Exercise 1 — Race-prone singleton → sync.Once

Anti-pattern: Race-Prone Lazy Init. Goal: make first-call initialization safe under concurrent callers. Constraints: preserve the API (Instance() *Config); exactly one Config must ever be built; preserve laziness (no init until first call).

// Before — two goroutines can both see cfg == nil and both build one.
var cfg *Config

func Instance() *Config {
    if cfg == nil {
        cfg = loadConfig() // expensive: reads file + parses
    }
    return cfg
}
Refactored **Move sequence** 1. **Reproduce the race.** A test that launches the constructor from many goroutines and runs under the detector:
func TestInstance_Race(t *testing.T) {
 var wg sync.WaitGroup
 got := make([]*Config, 50)
 for i := 0; i < 50; i++ {
     wg.Add(1)
     go func(i int) { defer wg.Done(); got[i] = Instance() }(i)
 }
 wg.Wait()
 for _, g := range got {
     if g != got[0] {
         t.Fatalf("got multiple instances")
     }
 }
}
Run `go test -race -count=100`. The `cfg = loadConfig()` write racing the `cfg == nil` read trips the detector; without `-race` you may also observe two distinct pointers (lost init). 2. **Replace the nil-check init with `sync.Once`.** `Once.Do` gives a happens-before guarantee: the body runs exactly once, and every caller that returns from `Do` observes its completed writes. This is the canonical Go cure for lazy init *and* "DCL done right" in one primitive.
// After — sync.Once: runs once, publishes safely, stays lazy.
var (
    cfg     *Config
    cfgOnce sync.Once
)

func Instance() *Config {
    cfgOnce.Do(func() { cfg = loadConfig() })
    return cfg
}
**How to verify.** `go test -race -count=100` is now clean, and the multi-goroutine test always sees one identical pointer. The fast path after init is a single atomic load inside `Once.Do` (it checks a `done` flag with `atomic` before taking the mutex) — so you keep most of the "skip the lock" performance you were chasing, but *correctly*. **Don't** "optimize" by reading `cfg` outside `Do`; that reintroduces the unsynchronized read.

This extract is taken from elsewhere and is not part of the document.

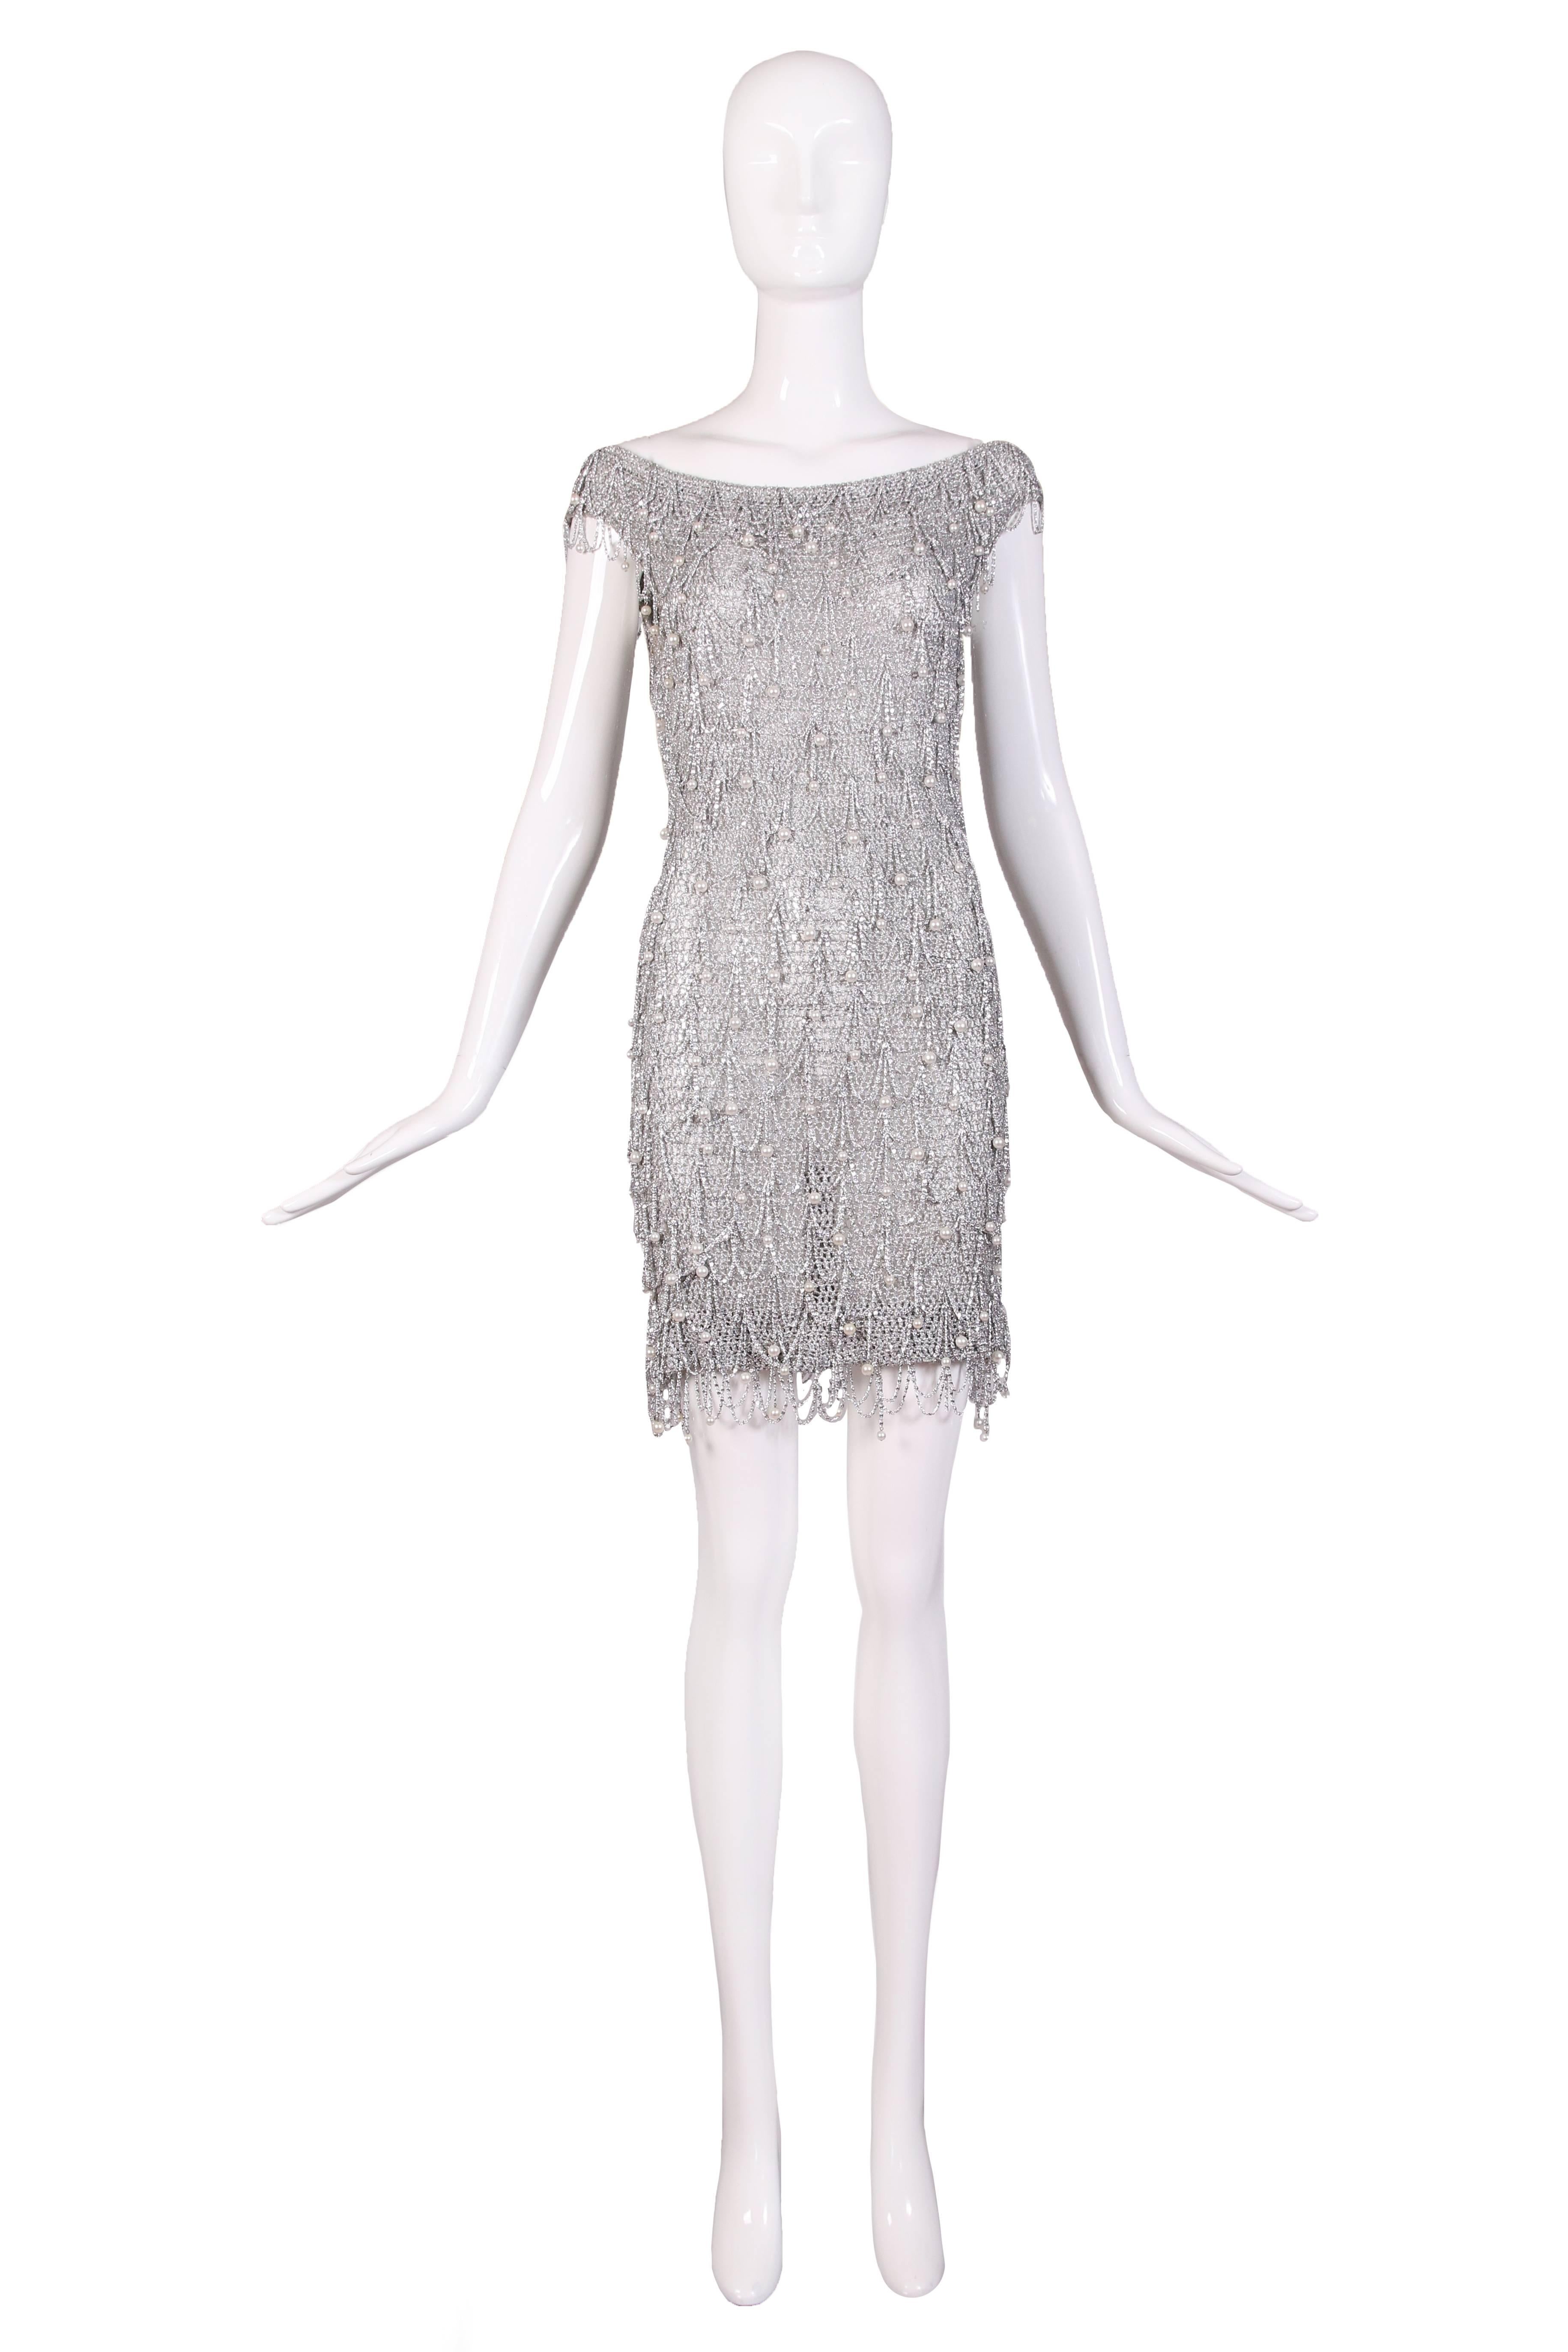 1970's unlabeled Loris Azzaro silver mesh, chain and beaded bodycon mini dress. There is no size tag but this will fit a small or extra small. In excellent condition.

Exercise 2 — Lazy field → initialization-on-demand holder

Anti-pattern: Race-Prone Lazy Init. Goal: lazily initialize an expensive field, thread-safely, with no locking on the hot path. Constraints: Java; preserve laziness; getCache() returns the same instance for all callers.

// Before — classic racy lazy init; two threads build two caches.
class Registry {
    private ExpensiveCache cache; // not volatile, not guarded

    ExpensiveCache getCache() {
        if (cache == null) {
            cache = new ExpensiveCache(); // visible half-built to other threads
        }
        return cache;
    }
}
Refactored **Move sequence** 1. **Reproduce with jcstress.** Two actors: one calls `getCache()`, the other calls `getCache()`; assert both observe the *same, fully constructed* reference. Under the Java Memory Model the unsynchronized publication allows a thread to see `cache != null` while `ExpensiveCache`'s fields are still default — jcstress will surface the `ACCEPTABLE_INTERESTING` / forbidden outcomes. 2. **Apply the Initialization-on-Demand Holder idiom.** A nested static class is not loaded until first referenced; the JVM guarantees class initialization is thread-safe and happens-before any use (JLS §12.4.2). You get lazy + safe + lock-free *for free* — no `volatile`, no `synchronized`.
// After — holder idiom: JVM class-init gives lazy, safe, lock-free publication.
class Registry {
    private static class Holder {
        static final ExpensiveCache INSTANCE = new ExpensiveCache();
    }

    ExpensiveCache getCache() {
        return Holder.INSTANCE;
    }
}
**How to verify.** The jcstress test now only ever observes the one fully-constructed instance (all "saw half-built" outcomes vanish). The hot path is a single static field read with **zero synchronization** — strictly faster than any DCL. Caveat to note in review: the holder ties laziness to *first access of `getCache`*; if you needed per-`Registry`-instance laziness rather than per-class, use `sync`-equivalent (an `AtomicReference` CAS) instead — the holder is for singletons.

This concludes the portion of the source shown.